◆ **WORK ITEM**:
Below are the records. State how many of their lines hold the word "Images", and add nothing else.

◆ **Extracted data entries**:
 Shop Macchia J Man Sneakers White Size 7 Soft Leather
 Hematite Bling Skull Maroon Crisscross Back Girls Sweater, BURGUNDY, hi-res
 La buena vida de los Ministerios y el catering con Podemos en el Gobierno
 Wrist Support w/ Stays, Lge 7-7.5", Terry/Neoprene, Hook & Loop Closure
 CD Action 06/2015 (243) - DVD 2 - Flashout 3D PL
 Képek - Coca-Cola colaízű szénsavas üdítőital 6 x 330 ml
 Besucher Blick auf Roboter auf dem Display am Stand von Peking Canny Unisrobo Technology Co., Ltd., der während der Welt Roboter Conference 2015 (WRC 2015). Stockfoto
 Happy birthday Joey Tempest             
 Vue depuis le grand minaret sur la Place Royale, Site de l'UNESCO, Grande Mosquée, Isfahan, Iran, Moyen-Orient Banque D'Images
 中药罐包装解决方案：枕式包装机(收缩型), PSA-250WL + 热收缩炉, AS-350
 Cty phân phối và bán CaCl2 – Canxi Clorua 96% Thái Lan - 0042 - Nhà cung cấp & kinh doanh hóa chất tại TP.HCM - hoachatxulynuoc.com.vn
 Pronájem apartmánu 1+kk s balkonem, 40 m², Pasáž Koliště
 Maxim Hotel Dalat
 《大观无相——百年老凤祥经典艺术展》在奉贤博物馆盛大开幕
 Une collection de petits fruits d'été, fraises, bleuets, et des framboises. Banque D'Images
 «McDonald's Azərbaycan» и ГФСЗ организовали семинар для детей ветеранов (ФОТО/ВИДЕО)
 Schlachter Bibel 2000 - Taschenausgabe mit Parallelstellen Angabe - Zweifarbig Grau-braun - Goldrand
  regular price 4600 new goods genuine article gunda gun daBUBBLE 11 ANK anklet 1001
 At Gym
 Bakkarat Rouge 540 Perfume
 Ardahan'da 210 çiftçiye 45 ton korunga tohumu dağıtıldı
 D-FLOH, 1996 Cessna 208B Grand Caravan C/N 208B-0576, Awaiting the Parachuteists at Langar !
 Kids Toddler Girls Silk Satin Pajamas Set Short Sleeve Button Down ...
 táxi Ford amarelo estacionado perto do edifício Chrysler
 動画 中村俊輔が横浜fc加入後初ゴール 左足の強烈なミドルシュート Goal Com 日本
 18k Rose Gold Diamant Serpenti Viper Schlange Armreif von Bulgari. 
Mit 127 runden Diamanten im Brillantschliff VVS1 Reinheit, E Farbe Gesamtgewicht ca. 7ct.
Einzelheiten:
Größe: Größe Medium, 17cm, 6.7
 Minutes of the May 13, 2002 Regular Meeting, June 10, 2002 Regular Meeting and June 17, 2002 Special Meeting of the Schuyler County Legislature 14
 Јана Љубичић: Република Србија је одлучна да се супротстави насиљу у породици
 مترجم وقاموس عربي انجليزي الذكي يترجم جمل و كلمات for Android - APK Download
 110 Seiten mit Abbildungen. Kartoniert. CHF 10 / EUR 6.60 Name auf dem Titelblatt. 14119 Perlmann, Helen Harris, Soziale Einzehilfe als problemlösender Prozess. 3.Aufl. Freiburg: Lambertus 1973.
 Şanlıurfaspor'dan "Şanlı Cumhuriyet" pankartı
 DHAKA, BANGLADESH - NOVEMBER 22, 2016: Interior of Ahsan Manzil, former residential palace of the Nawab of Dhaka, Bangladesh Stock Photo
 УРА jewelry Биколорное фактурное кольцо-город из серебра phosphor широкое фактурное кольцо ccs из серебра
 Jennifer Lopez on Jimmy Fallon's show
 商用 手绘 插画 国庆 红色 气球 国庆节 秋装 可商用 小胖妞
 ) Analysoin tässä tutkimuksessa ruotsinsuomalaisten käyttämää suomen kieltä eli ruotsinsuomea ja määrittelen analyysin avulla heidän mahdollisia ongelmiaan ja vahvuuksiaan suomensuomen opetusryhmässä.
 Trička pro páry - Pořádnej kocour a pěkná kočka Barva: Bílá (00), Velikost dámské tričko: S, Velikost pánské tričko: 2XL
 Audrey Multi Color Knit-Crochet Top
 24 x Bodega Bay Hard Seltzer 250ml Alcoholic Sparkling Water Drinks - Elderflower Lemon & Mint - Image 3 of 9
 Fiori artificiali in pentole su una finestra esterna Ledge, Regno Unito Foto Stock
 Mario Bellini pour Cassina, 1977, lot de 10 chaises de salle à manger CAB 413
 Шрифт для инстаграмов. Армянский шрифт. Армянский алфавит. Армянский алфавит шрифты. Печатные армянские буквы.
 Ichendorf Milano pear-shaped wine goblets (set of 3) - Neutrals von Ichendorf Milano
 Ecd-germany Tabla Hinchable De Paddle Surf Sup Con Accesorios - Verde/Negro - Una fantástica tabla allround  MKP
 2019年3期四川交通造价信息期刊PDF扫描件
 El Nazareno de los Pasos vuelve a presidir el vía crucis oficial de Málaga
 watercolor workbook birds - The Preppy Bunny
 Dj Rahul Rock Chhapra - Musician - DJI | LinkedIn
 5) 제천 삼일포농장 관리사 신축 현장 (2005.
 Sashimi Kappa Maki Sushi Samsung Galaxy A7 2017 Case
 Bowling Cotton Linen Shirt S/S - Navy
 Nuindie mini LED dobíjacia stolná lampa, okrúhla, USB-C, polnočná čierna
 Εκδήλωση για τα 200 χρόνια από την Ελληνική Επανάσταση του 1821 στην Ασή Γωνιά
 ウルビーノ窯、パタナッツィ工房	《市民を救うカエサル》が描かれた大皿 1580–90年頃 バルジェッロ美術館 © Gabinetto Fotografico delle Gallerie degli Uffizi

◆ **RESULT OF THE EXERCISE**:
2